Strengths of Intervention Studies (Clinical Trials)

  • They provide the best means of minimizing the effect of confounding
  • They avoid bias in allocation to exposure groups
  • Large randomized clinical trials are the best design for detecting small to moderate effects that may be clinically important

 

Limitations

  • Ethical issues need to be considered
    • Risks to subjects versus potential benefits
    • Does equipoise exist? Some questions cannot be answered ethically with a clinical trial.
  • They are usually time consuming and costly
  • Lengthy trials run the risk of loss to follow up (LTF), and if LTF is different for one of the exposure-outcome categories, the measure of association will be biased, just as with prospective cohort studies(see the module on Bias).
  • Invariably, some subjects will fail to adhere to the protocol, and non-adherence will cause an underestimated measure of association (see below).

 

Non-adherence

Ideally, the investigators want to compare exposed subjects to non-exposed in groups that are similar with respect to confounding factors. The true benefit of a new drug will be underestimated if subjects given the active medication fail to take it, causing subjects who were actually not exposed to be mixed in with the exposed subjects who were actually taking the medication. This mixing of the exposure groups dilutes the apparent benefit causing underestimates of association. The same thing occurs if people in the placebo group begin taking the active medication. This occurred in the Physicians' Health Study in which follow up questionnaires estimated that about 15% of the subjects assigned to the aspirin group did not take it, and a similar proportion of subjects in the placebo group used aspirin fairly regularly. This would cause an underestimate of the true benefit. In this case, in which the exposure was preventive with an observed risk ratio = 0.59, the true risk ratio would have been even smaller.

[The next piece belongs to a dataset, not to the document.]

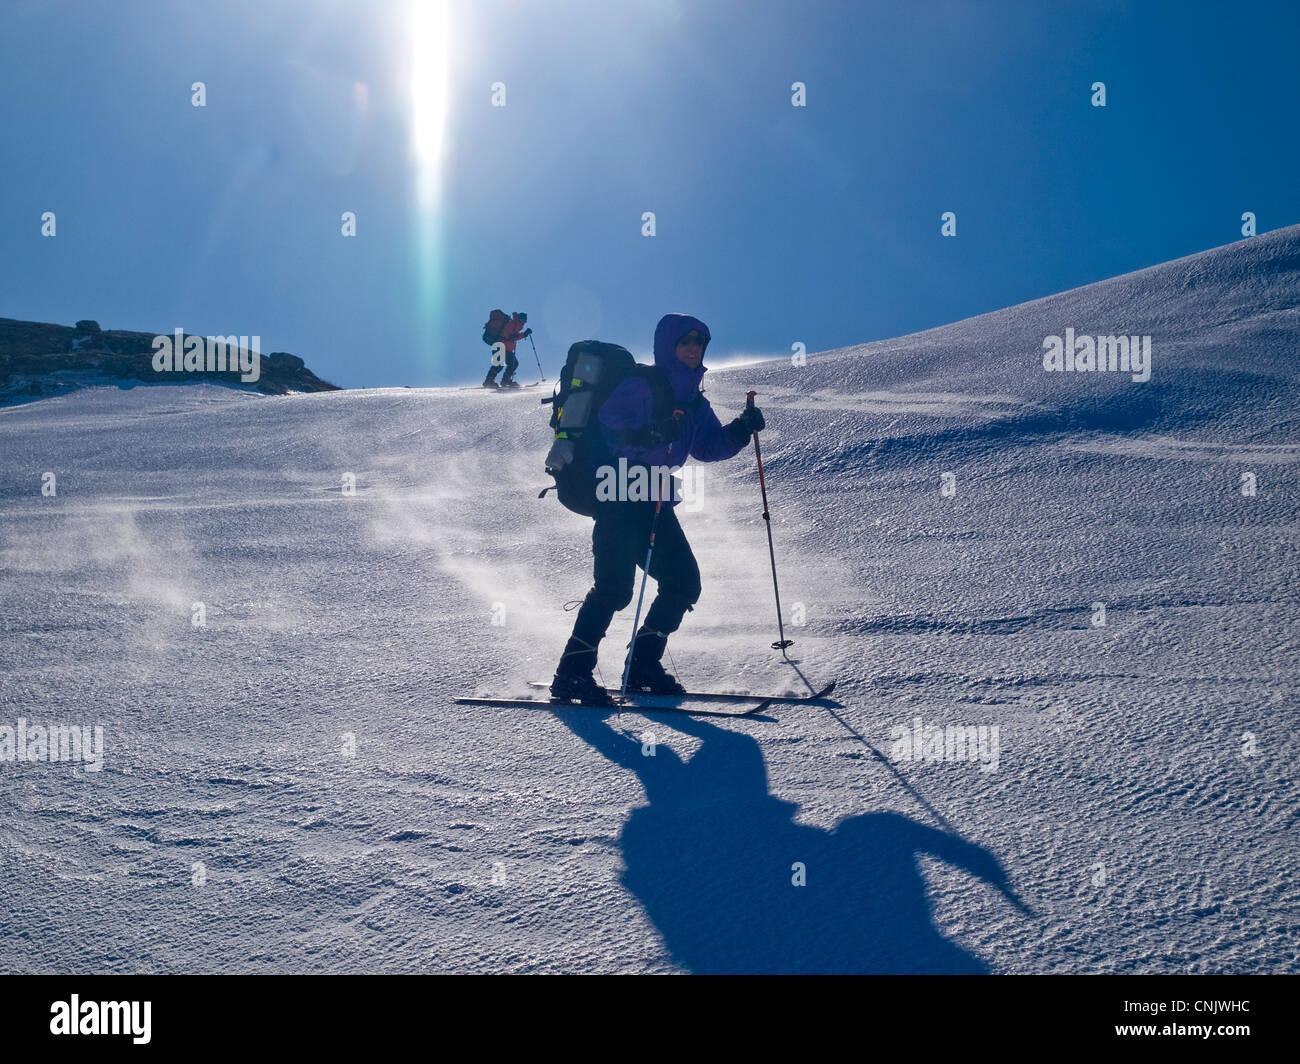 skitouring in the Hardanger region of Norway - Stock Image

In other words, non-adherence caused a "bias toward the null," an underestimate of the true benefit.

Non-compliance can occur due to side effects of the treatment, illness, or loss of interest in the study.

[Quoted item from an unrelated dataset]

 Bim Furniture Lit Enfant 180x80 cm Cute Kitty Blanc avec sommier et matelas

How to Promote Adherence in a Clinical Trial

  1. Begin with an interested group of participants
  2. Make it easy to participate
  3. Use blinding and placebos
  4. Keep in touch

Data Safety and Monitoring Board

All clinical trials that involve more than minimal risk are required to have a Data Safety and Monitoring Board (DSMB), which is an independent board of experts not involved in the study who periodically review the data in a trial to evaluate safety, study conduct, and interim results. They can recommend that the study be continued, modified, or terminated. The DSMB for the Physicians' Health Study recommended that the study be terminated after five years because the benefits of taking low-dose aspirin were so clear that continuing to withhold aspirin from the placebo group was not ethically justified. The DSMB felt that equipoise no longer existed.

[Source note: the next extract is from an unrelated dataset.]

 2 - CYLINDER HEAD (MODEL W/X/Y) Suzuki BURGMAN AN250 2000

Intention-to-Treat Analysis versus Efficacy Analysis

The greatest advantage of large randomized clinical trials is that they provide control of confounding. However, as already noted there can be problems due to loss to follow up and lack of adherence to the protocol. It might be tempting to limit the analysis to subjects who completed the study and who adhered to the study protocol, but this efficacy analysis may not provide strong control of confounding, because subjects have, in essence, self-selected whether they would remain in the study and adhere to the protocol. For this reason, well-done clinical trials will conduct and report the results of an intention-to-treat analysis in which subjects are included in the analysis in the groups to which they were randomly assigned regardless of whether they adhered to the protocol. We already noted that non-adherence will bias the results toward the null, i.e., underestimate the association if there is one. However, the intention-to-treat analysis provides the best opportunity to examine the association in the absence of confounding. Many reports will provide the results of the intention-to-treat analysis and the efficacy analysis as well, and they may also analyze sub-groups of subjects, but these analyses need to use other methods to minimize the effects of confounding.